**TASK INSTRUCTIONS**:
Copy out, exactly and with nothing else, the stretch of lines that starts at the line containing "5069f950358 Nova coleção" and finishes at the end of the data.

[AVAILABLE DATA Boundary: Start]

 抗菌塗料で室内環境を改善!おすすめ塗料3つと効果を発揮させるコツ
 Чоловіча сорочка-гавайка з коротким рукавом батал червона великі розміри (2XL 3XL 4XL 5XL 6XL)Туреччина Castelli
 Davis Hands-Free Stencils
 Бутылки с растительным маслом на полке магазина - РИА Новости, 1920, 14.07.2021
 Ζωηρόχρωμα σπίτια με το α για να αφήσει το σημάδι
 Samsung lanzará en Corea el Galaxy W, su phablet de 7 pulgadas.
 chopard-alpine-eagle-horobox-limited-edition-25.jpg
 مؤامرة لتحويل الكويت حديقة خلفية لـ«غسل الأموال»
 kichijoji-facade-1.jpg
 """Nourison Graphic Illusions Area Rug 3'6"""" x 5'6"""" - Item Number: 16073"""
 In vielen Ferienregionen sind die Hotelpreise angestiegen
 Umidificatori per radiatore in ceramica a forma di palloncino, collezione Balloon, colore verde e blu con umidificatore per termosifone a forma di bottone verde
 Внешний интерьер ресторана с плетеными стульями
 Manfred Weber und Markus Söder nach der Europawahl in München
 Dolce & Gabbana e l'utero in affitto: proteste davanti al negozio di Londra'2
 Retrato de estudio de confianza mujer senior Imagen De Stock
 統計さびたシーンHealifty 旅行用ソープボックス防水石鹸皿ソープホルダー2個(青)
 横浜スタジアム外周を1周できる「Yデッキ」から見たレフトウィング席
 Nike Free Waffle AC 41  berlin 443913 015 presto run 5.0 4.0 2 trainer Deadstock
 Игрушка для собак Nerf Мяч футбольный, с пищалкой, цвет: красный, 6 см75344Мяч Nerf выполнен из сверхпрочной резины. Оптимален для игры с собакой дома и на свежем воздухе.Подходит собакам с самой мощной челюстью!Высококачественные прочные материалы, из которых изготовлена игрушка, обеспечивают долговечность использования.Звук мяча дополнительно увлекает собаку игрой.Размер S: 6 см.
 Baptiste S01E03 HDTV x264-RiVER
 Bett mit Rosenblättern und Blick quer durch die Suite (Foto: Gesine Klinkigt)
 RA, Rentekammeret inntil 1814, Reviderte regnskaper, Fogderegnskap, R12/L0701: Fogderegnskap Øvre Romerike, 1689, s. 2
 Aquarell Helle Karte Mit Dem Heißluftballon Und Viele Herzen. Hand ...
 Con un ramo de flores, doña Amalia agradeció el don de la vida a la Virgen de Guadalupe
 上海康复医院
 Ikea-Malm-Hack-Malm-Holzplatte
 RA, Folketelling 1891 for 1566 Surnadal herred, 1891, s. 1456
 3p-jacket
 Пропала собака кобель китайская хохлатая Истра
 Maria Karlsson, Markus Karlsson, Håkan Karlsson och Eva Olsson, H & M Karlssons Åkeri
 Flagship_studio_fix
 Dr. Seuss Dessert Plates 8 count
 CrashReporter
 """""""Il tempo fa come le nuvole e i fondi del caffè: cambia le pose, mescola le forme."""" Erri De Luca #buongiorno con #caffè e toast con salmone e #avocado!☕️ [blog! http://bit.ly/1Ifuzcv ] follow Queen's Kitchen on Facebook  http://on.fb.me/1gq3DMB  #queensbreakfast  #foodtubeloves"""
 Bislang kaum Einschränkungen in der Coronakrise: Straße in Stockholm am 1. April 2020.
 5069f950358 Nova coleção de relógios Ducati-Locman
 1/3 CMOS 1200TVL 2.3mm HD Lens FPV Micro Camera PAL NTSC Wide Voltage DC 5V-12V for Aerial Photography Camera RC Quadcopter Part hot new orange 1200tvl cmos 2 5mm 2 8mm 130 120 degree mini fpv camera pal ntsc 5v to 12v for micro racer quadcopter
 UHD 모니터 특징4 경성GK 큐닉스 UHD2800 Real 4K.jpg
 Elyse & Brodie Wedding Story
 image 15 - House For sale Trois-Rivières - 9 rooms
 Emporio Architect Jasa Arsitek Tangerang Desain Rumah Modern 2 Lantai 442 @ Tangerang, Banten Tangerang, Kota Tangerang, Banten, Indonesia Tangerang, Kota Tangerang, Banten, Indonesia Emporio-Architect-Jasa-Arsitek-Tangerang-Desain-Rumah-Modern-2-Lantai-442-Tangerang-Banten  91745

[AVAILABLE DATA Boundary: End]

**ANSWER TO THIS EXERCISE**:
 5069f950358 Nova coleção de relógios Ducati-Locman
 1/3 CMOS 1200TVL 2.3mm HD Lens FPV Micro Camera PAL NTSC Wide Voltage DC 5V-12V for Aerial Photography Camera RC Quadcopter Part hot new orange 1200tvl cmos 2 5mm 2 8mm 130 120 degree mini fpv camera pal ntsc 5v to 12v for micro racer quadcopter
 UHD 모니터 특징4 경성GK 큐닉스 UHD2800 Real 4K.jpg
 Elyse & Brodie Wedding Story
 image 15 - House For sale Trois-Rivières - 9 rooms
 Emporio Architect Jasa Arsitek Tangerang Desain Rumah Modern 2 Lantai 442 @ Tangerang, Banten Tangerang, Kota Tangerang, Banten, Indonesia Tangerang, Kota Tangerang, Banten, Indonesia Emporio-Architect-Jasa-Arsitek-Tangerang-Desain-Rumah-Modern-2-Lantai-442-Tangerang-Banten  91745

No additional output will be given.